Our team of researchers firstly performed ovarian stimulation from the luteal phase in normal-ovulatory women, without the addition of exogenous GnRH-ant (8). Subsequently, we demonstrated cotreatment with progesterone (P) soft capsule (Utrogestan® Laboratories Besins International, France), a type of natural micronized P, was able to block premature LH surge when ovarian stimulation was commenced from the early follicular phase (9–11). Meanwhile, we confirmed the capability of dydrogesterone (Duphaston® Abbott Biologicals, Netherlands), a type of synthetic P with less metabolic burden and higher bioavailability than micronized progesterone, in the prevention of premature LH surge (12). These studies indicated that P could be used as an alternative to GnRH-a and GnRH-ant in the regulation of pituitary LH secretion during ovarian stimulation with the freeze-all strategy.

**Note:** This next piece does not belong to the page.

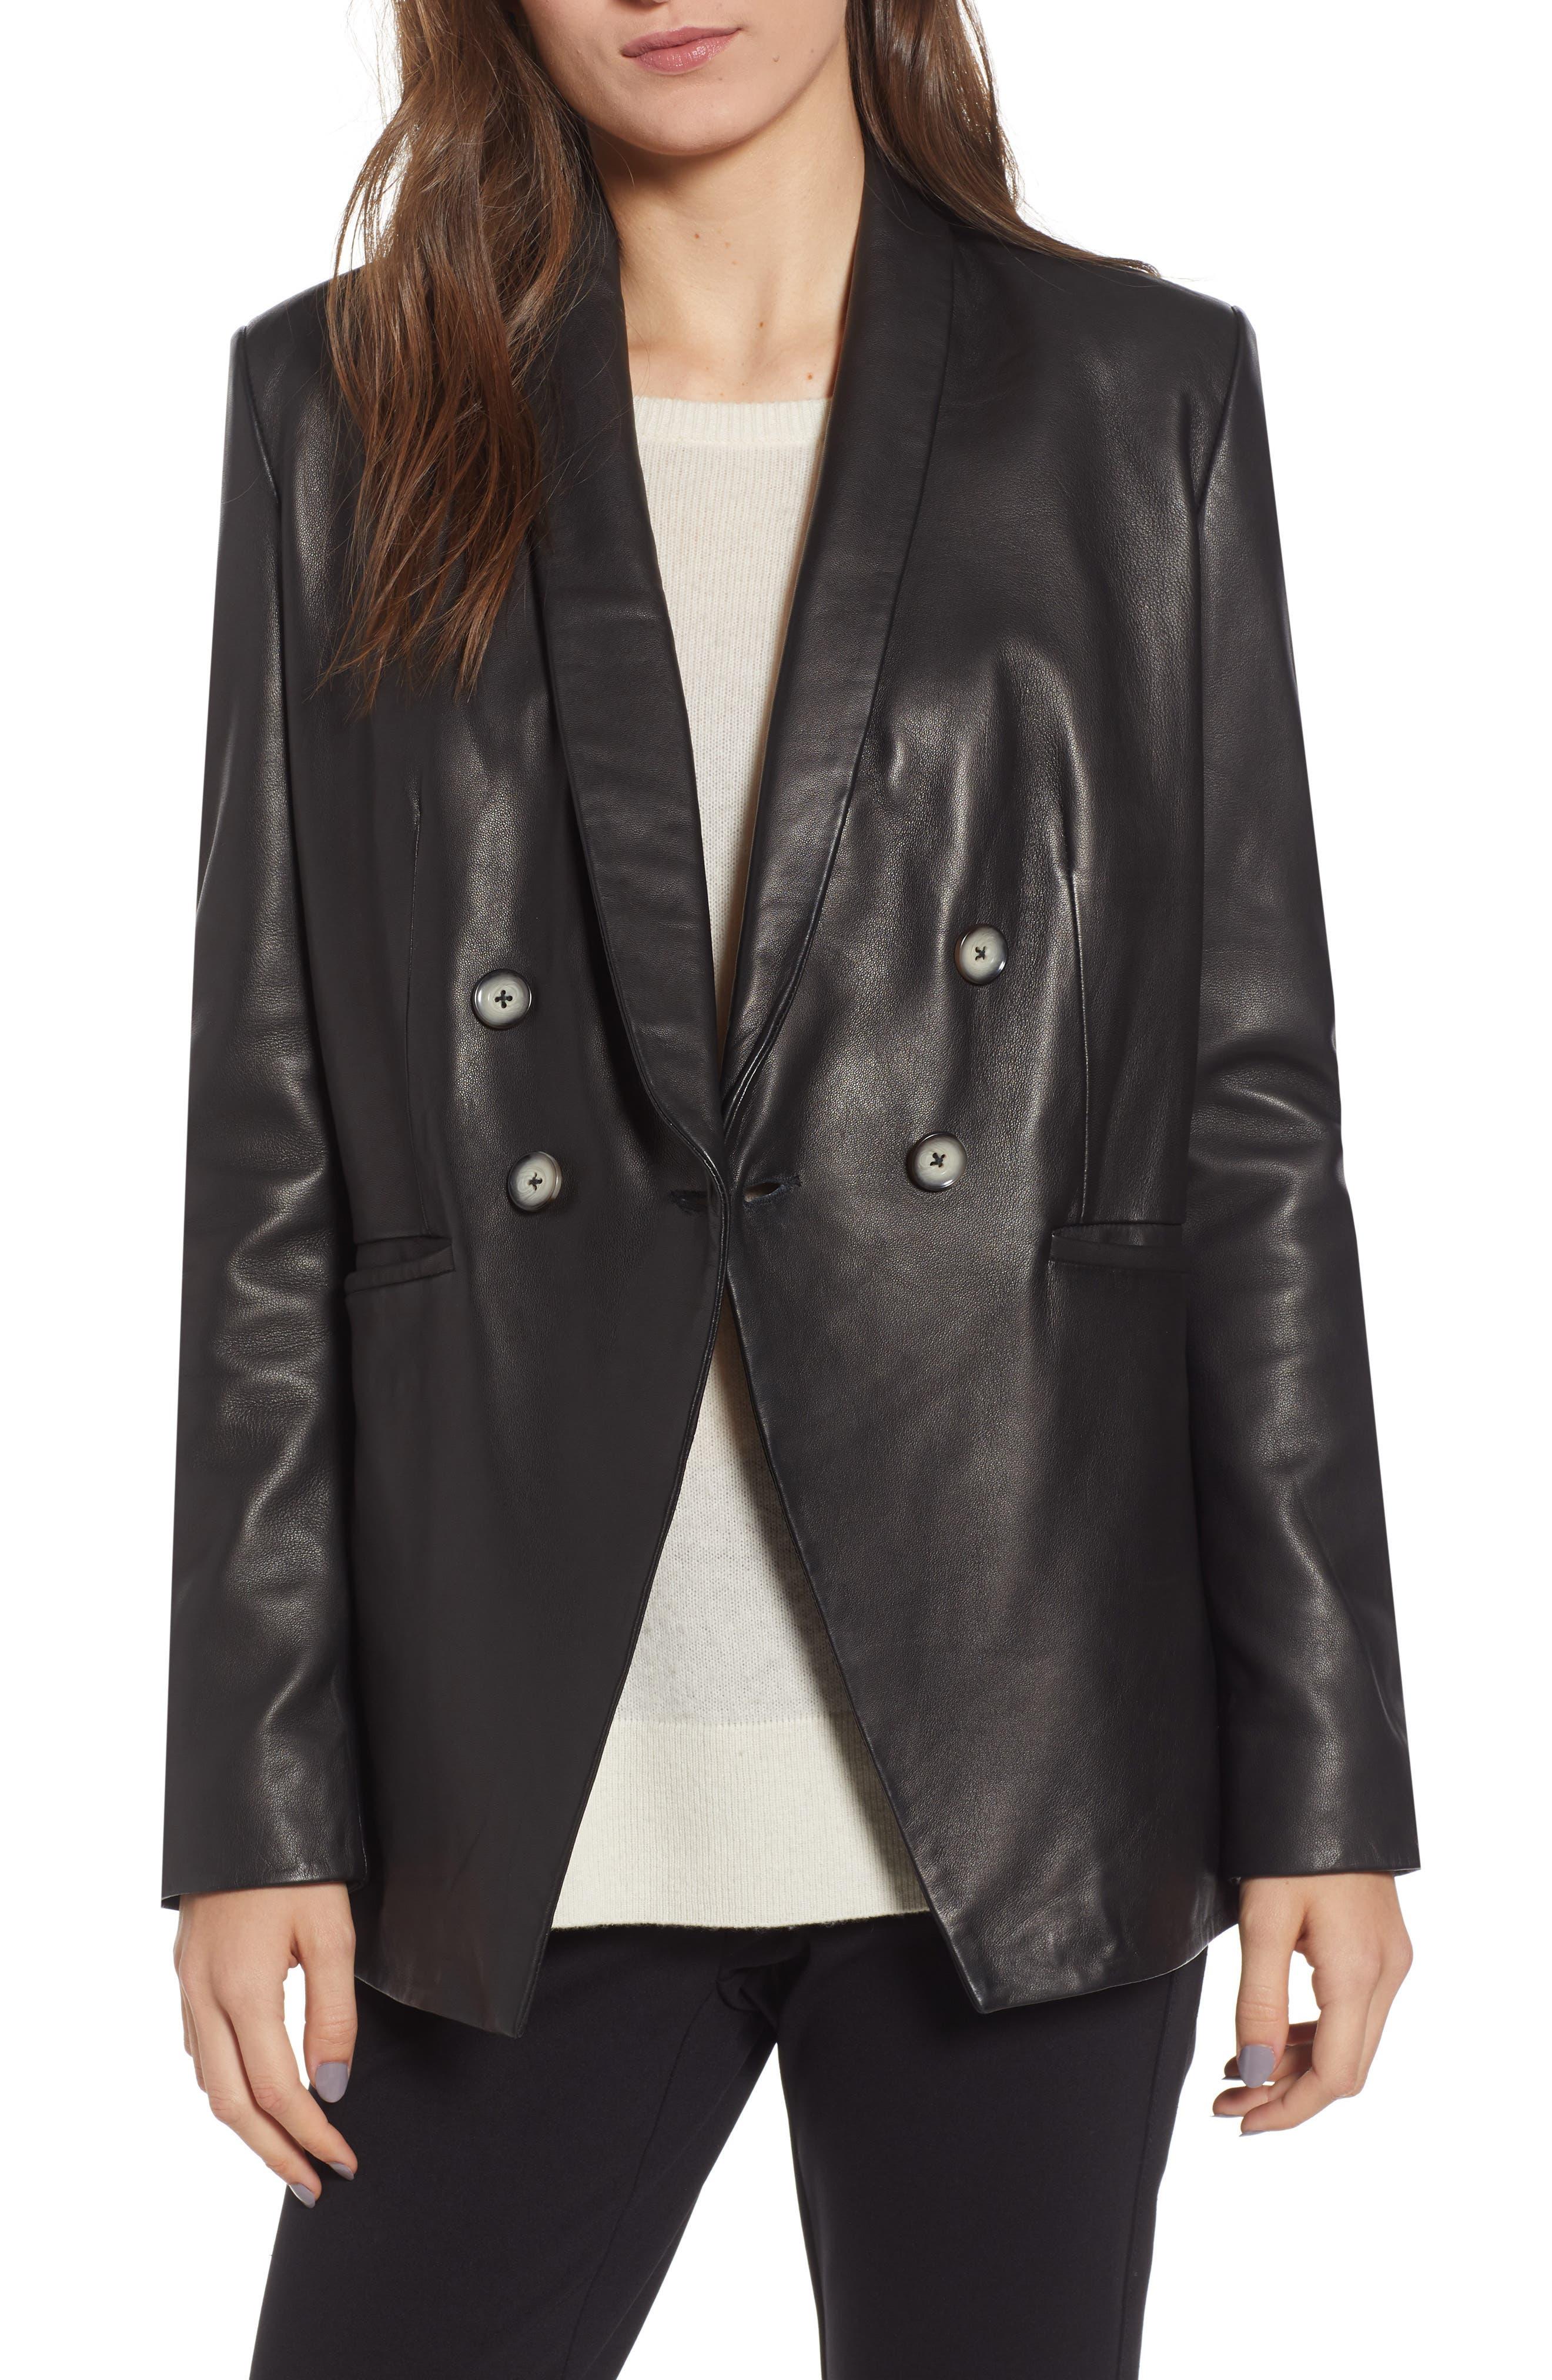 LAMARQUE Semi Fitted Leather Blazer in Black

In view of those aforementioned findings, we tried to find a feasible alternative protocol to commence ovarian stimulation in the late follicular phase using human menopausal gonadotropin (hMG) alone, without exogenous pituitary modulators for LH suppression. Late follicular phase was defined as there were one dominant follicle and several subordinate follicles, and the rationale of our hypothesis was as follows: if the diameter of most subordinate follicles was <10 mm before the ovulation of the initial dominant follicle, there was no need to add exogenous pituitary modulators, whereas after ovulation, the usage of exogenous pituitary modulator was superfluous since endogenous P produced by the corpus luteum would be sufficient to prevent the occurrence of a secondary premature LH surge induced by the preovulatory follicles growing from the initial subordinate follicles (8). More importantly, the spontaneous LH surge of the initial dominant follicle would not exert any influence on subordinate follicles (<10 mm) because LH receptors of granulosa cells was less expressed in ovarian follicles with <10 mm diameter (13). So the critical issue for performing ovarian stimulation from late follicular phase without exogenous pituitary modulators was to assure the majority of subordinate follicles was <10 mm before the ovulation of the initial dominant follicle. If we presumed the diameter of the initial subordinate follicles was ~5 mm, it would take 5 days to grow to diameter ≥10 mm, on the basis of an estimated mean follicular growth rate of 1 mm per day in subordinate follicles (14, 15). Therefore, the diameter of the initial dominant follicle was calculated to be ≥14 mm to ensure the feasibility of our novel protocol when the estimated mean follicular growth rate was 2 mm per day in a dominant follicle (14, 15). In brief, we proposed ovarian stimulation initiated from late follicular phase with a dominant follicle diameter of ≥14 mm could be performed using hMG alone in the absence of exogenous pituitary modulators.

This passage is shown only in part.